Of Iranians to the Zoroastrian faith
Although modern Zoroastrians question whether their religion even allows conversion (see vii, below), Zoroastrianism, as an ethical and essentially monotheistic religion based on a historical figure, originally had pronounced missionary characteristics, as is clear from the extent of its dissemination. An example is the conversion of Vīštāspa (Yt. 13.99-100; Dēnkard 7.5.1; cf. Molé, pp. 348 ff.; Boyce, Zoroastrianism I, pp. 187, 249, 279-81), his wife Hutaosā (Yt. 9.26), his brother Zairivairi (Yt. 5.112, 117; 13.101: Pahl. Zarēr), and his son Spəntō’āta (Yt. 13.103: Pers. Esfandīār), which occurred, according to tradition, in Zoroaster’s forty-second year. In popular legend Zoroastrianism is said to have spread first to Sīstān, a region to which both Vīštāspa and the Kayanian cycle (legends about his dynasty) were closely linked (Abdīh ud sahīgīh ī Sagestān, in Pahlavi Texts, ed. Jamasp-Asana, p. 26 l. 9; Markwart, Provincial Capitals, par. 36; Gnoli,1967, pp. 37, 79, 96, 115; Christensen). The profession of faith (Fravarānē, lit. “I profess”; Y.12-13) and the idea of choosing between the opposing camps of the followers of Aša and Drug (Young Av. ašavan– and Old Av. drəgvant-, Young Av. drvant-) were no doubt central elements in conversion to the new religion (cf. Lommel, pp. 156ff., 243; Boyce, 1979, p. 35). Conversions presumably came slowly (Boyce, Zoroastrianism I, pp. 185ff.): The “first teachers” (paoirya-ṱkaēša-) and the “first to have listened to the teachings” (paoirya– sāsnō.gūš-), mentioned in Yt. 13.149 (cf. Malandra, pp. 151, 220), must have initially been very few.
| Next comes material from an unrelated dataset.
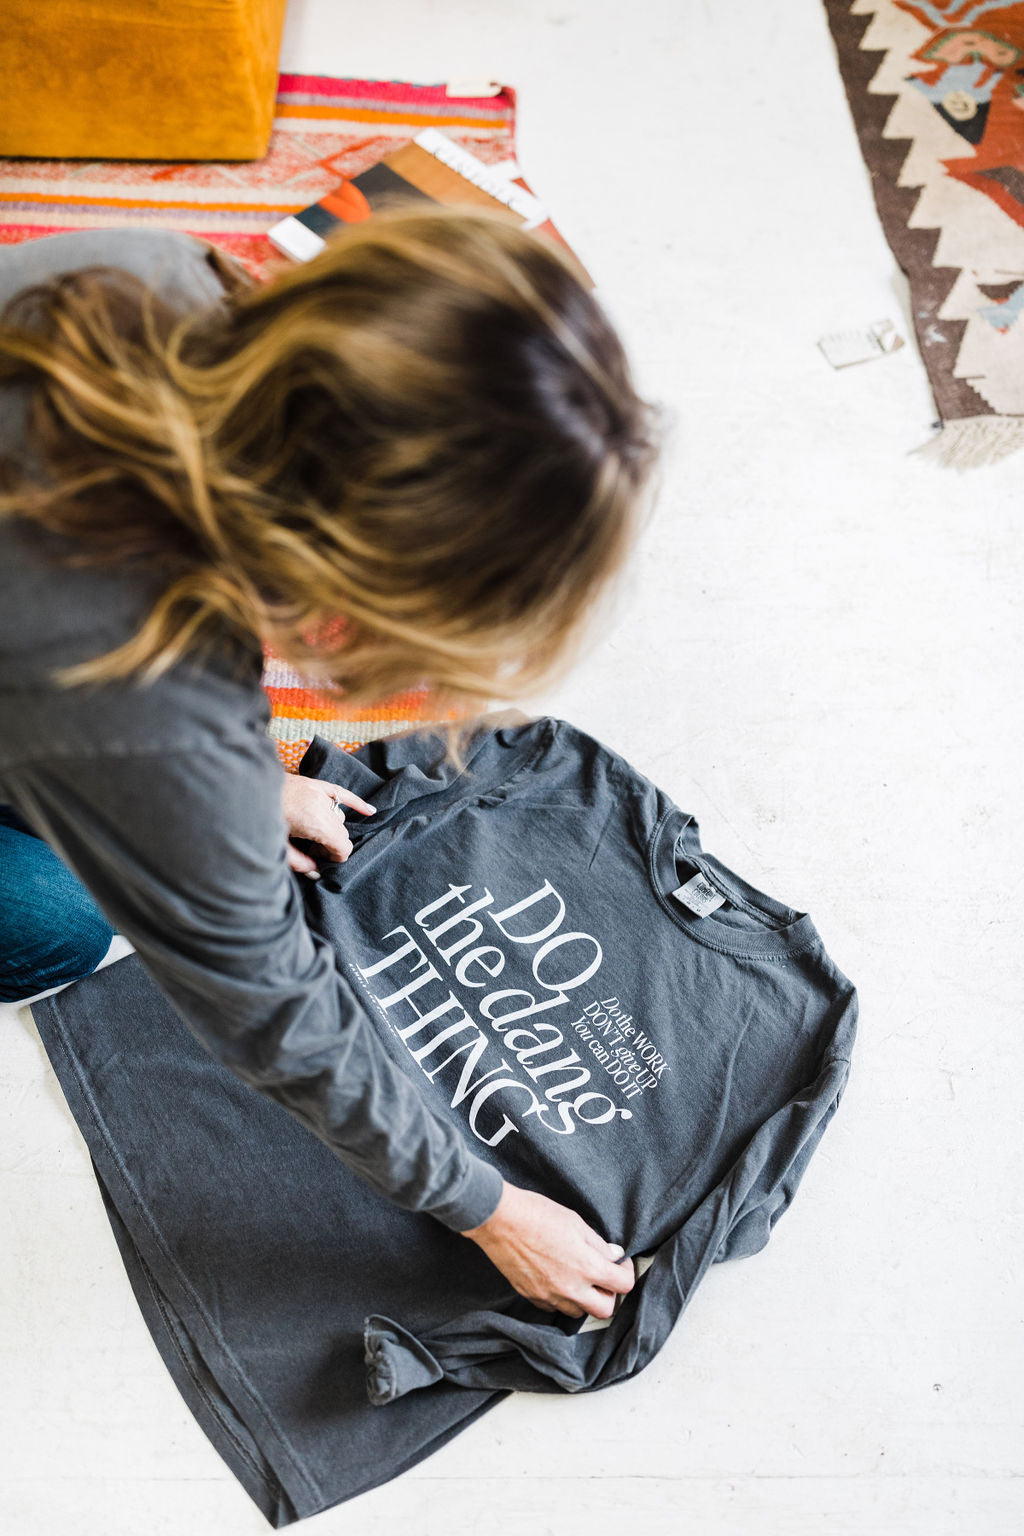 do the dang thing | pepper long sleeved comfort colors tee

Several passages in the Avesta imply that in the earliest period different ethnic populations were converted to Zoroastrianism. The Farvardīn Yašt (Yt. 13) refers to the fravašis (guardian spirits) of heroes from such unidentified countries as Mužā, Raoždyā, Tanyā, Aŋhvī, and Apaxšīrā and from different peoples or tribes, like the Airyas, Tūiryas, Sairimas, Sāinus, and Dāhis (see dahae ii). In addition, there are references to ašavan men and women of all countries and all peoples, from Gaya Marətan (Pahl. Gayōmart), the first man, to the victorious Saošyant at the end of history (Yt. 13.125, 127, 143-45). Although all these groups probably lived on the eastern Iranian plateau, not all were necessarily Iranian speakers; there is no evidence that early Zoroastrianism was a rigidly ethnic religion. If tūra– can be taken as the ethnic name “Turanian” (cf. Young Av. tūirya-), the special esteem in which Tūra Fryāna (Y. 46.12) was held can be taken as evidence of the universal nature of the Zoroastrian message (see Moulton, p. 197 n. 1; Pettazzoni, p. 90; Dhalla, 1977, pp. 25, 26, 45, 49, 137; for contrary views, see Kellens and Pirart, I, pp. 6, 9, 162, II, p. 249).
Although the idea of the prevalence of the “Aryans” (Av. airya-; Old Pers. ariya-) found in later tradition is the result of a long historical development (Gnoli, 1989), the Avestan yašts do reflect the predominance of Aryans (cf. airyō.šayanəm“Aryan homeland” [Yt. 10.13-14]; airyå daiŋˊhāvō “the Aryan lands,” airyanəm vaēǰō “region of the Aryans”; Gnoli, 1989, pp. 29-70; see arya, aryan). Furthermore, the Airyas occupy the first place in the lists of the different ethnic groups sharing in the Zoroastrian tradition. There also seems to be no real difference between the idea of a kavaēm xᵛarənō, the Kavian Xᵛarənah, which had belonged also to those who preceded the Kayanian dynasty and that of anairyanəm xᵛarənō (Yt. 8.1, 5, 7, 8), the Aryan Xᵛarənah, or rather the Xᵛarənah of the Aryan lands, both mentioned in the Zamyād Yašt (Yt. 19.9ff., 56ff.; Gershevitch, p. 186 n.).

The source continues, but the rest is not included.